*** Raw data ***

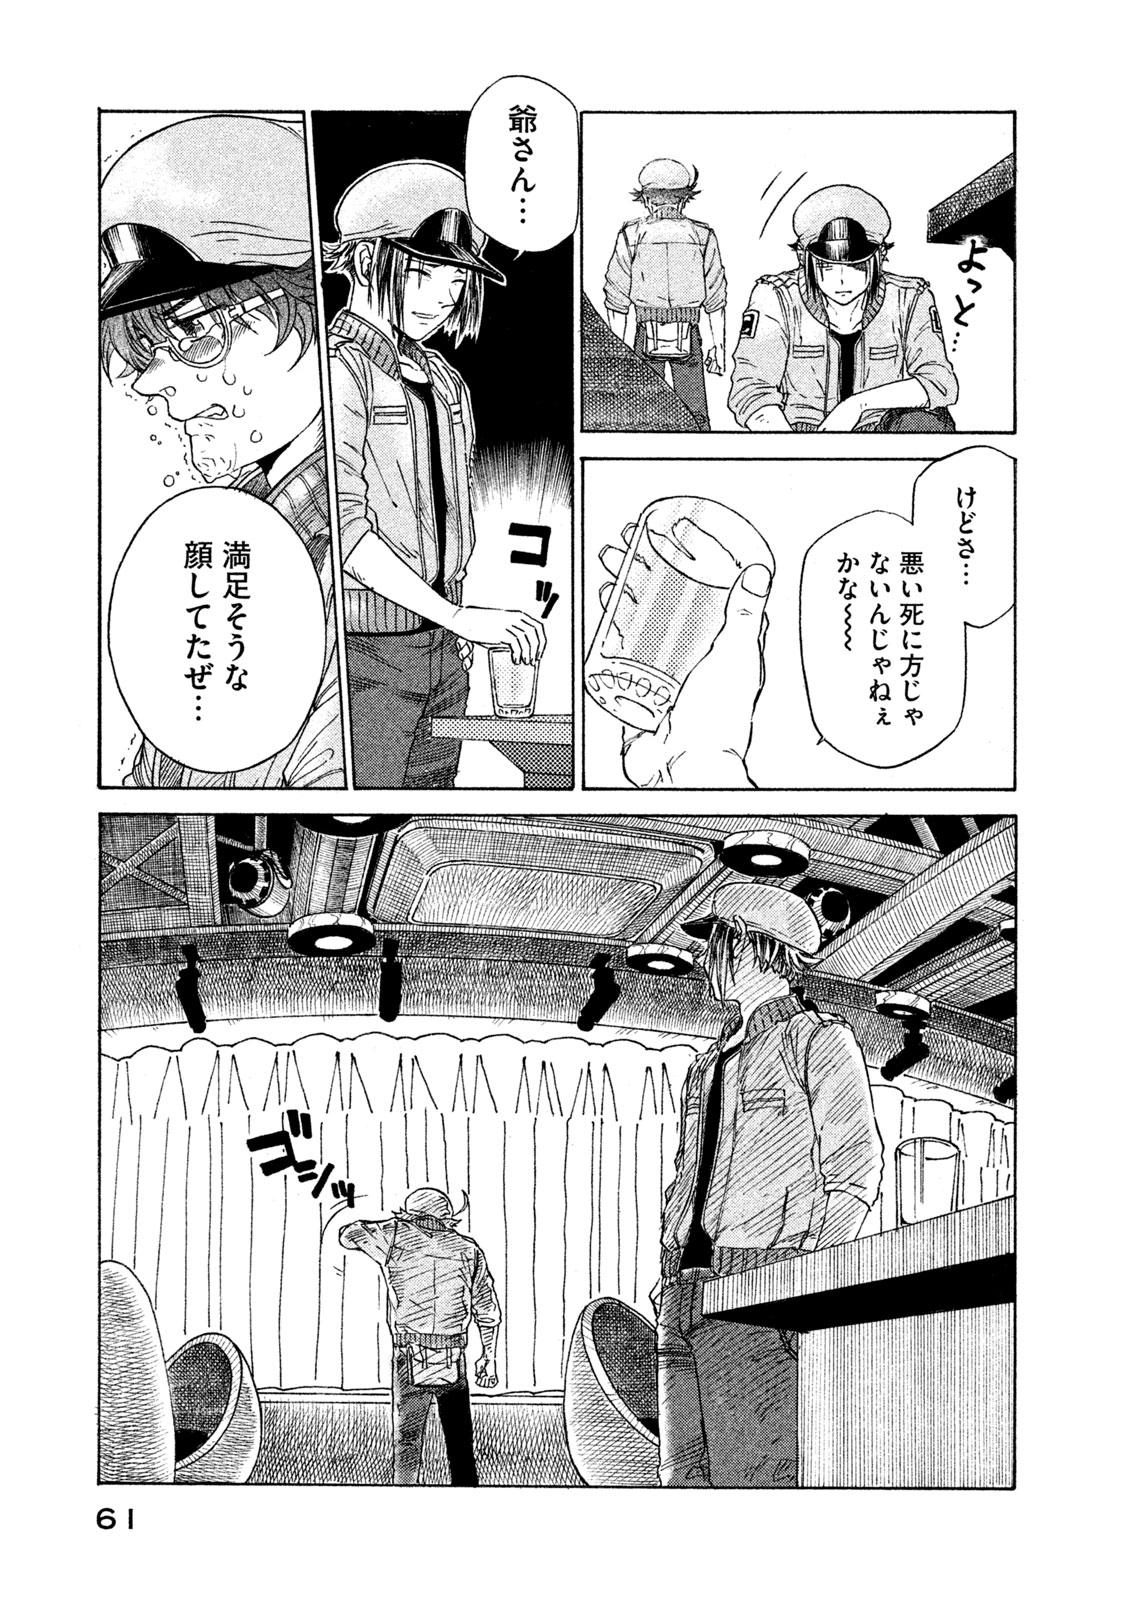 Hataraku Saibou BLACK - Chapter 2 - Page 25
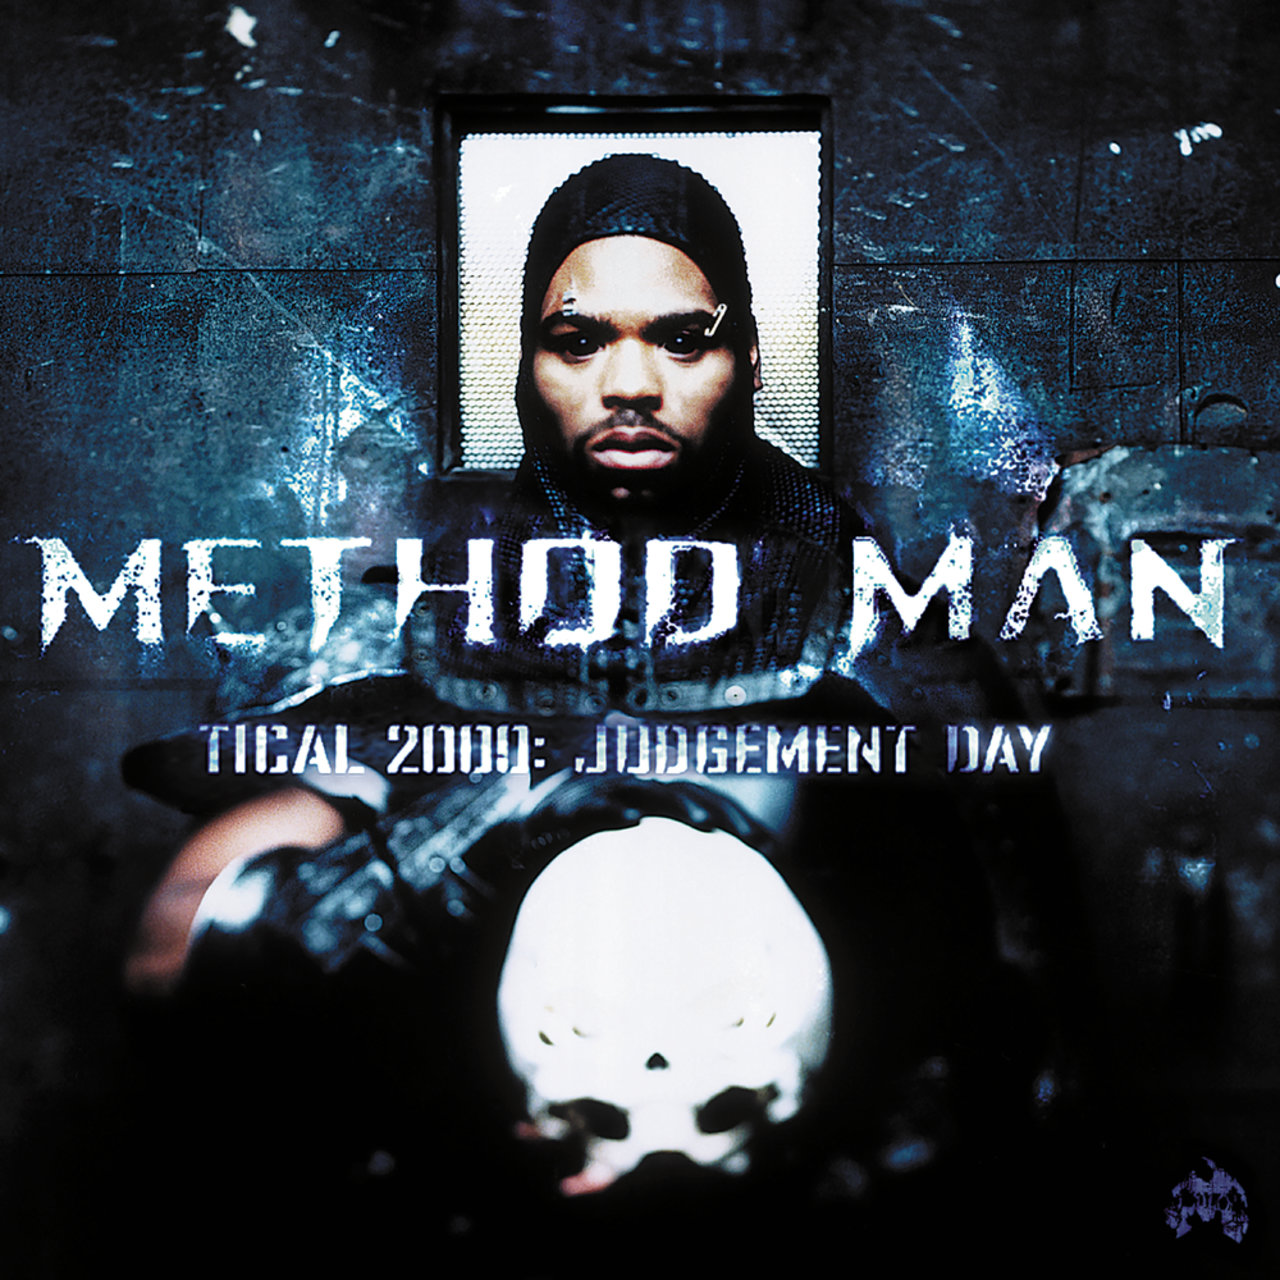 Tical 2000: Judgement Day
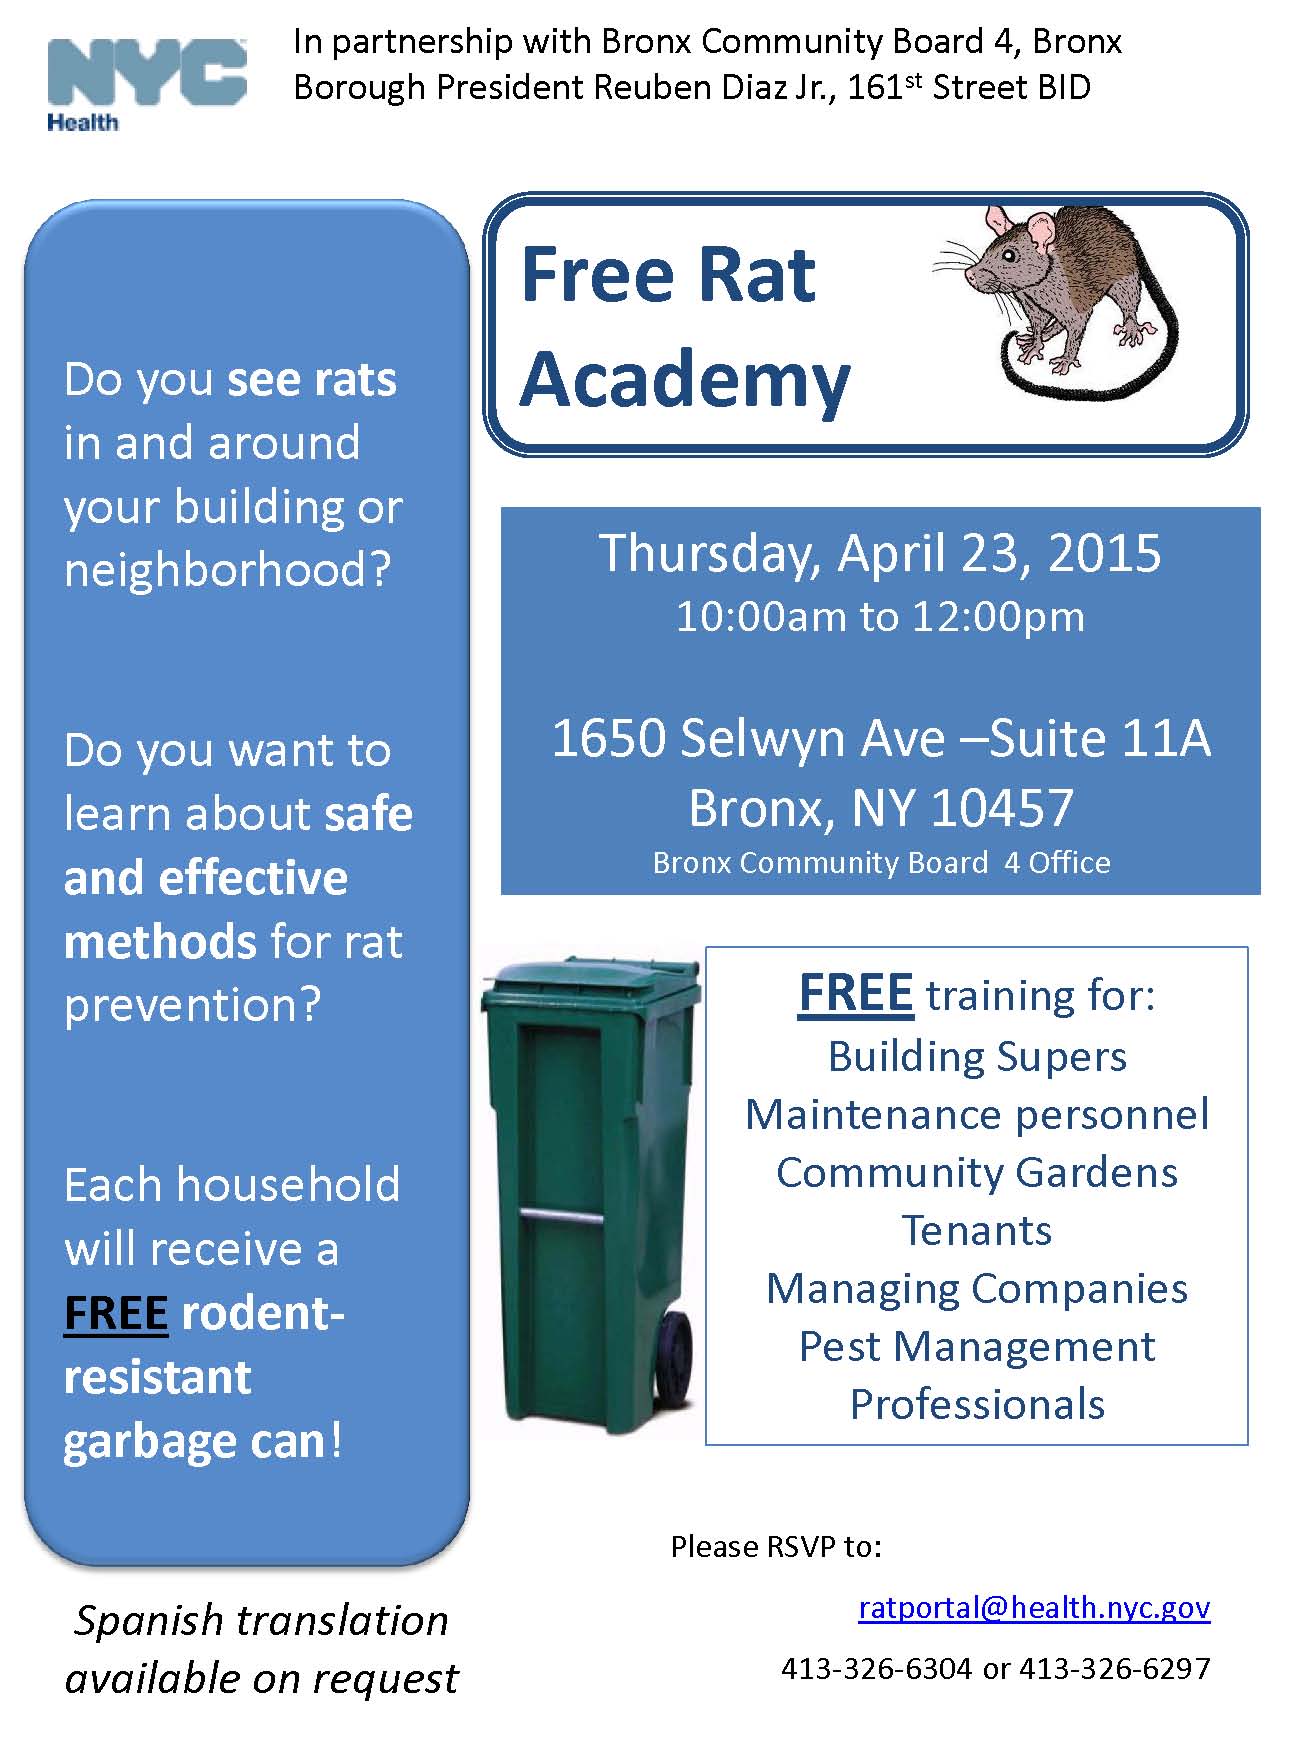 2015_Bronx Rat Academy

*** End of Raw data ***

Only the lines from the line containing "Tical 2000: Judgement Day" through the end of the material should be retyped, exactly and in full, with no pictures.

 Tical 2000: Judgement Day
 2015_Bronx Rat Academy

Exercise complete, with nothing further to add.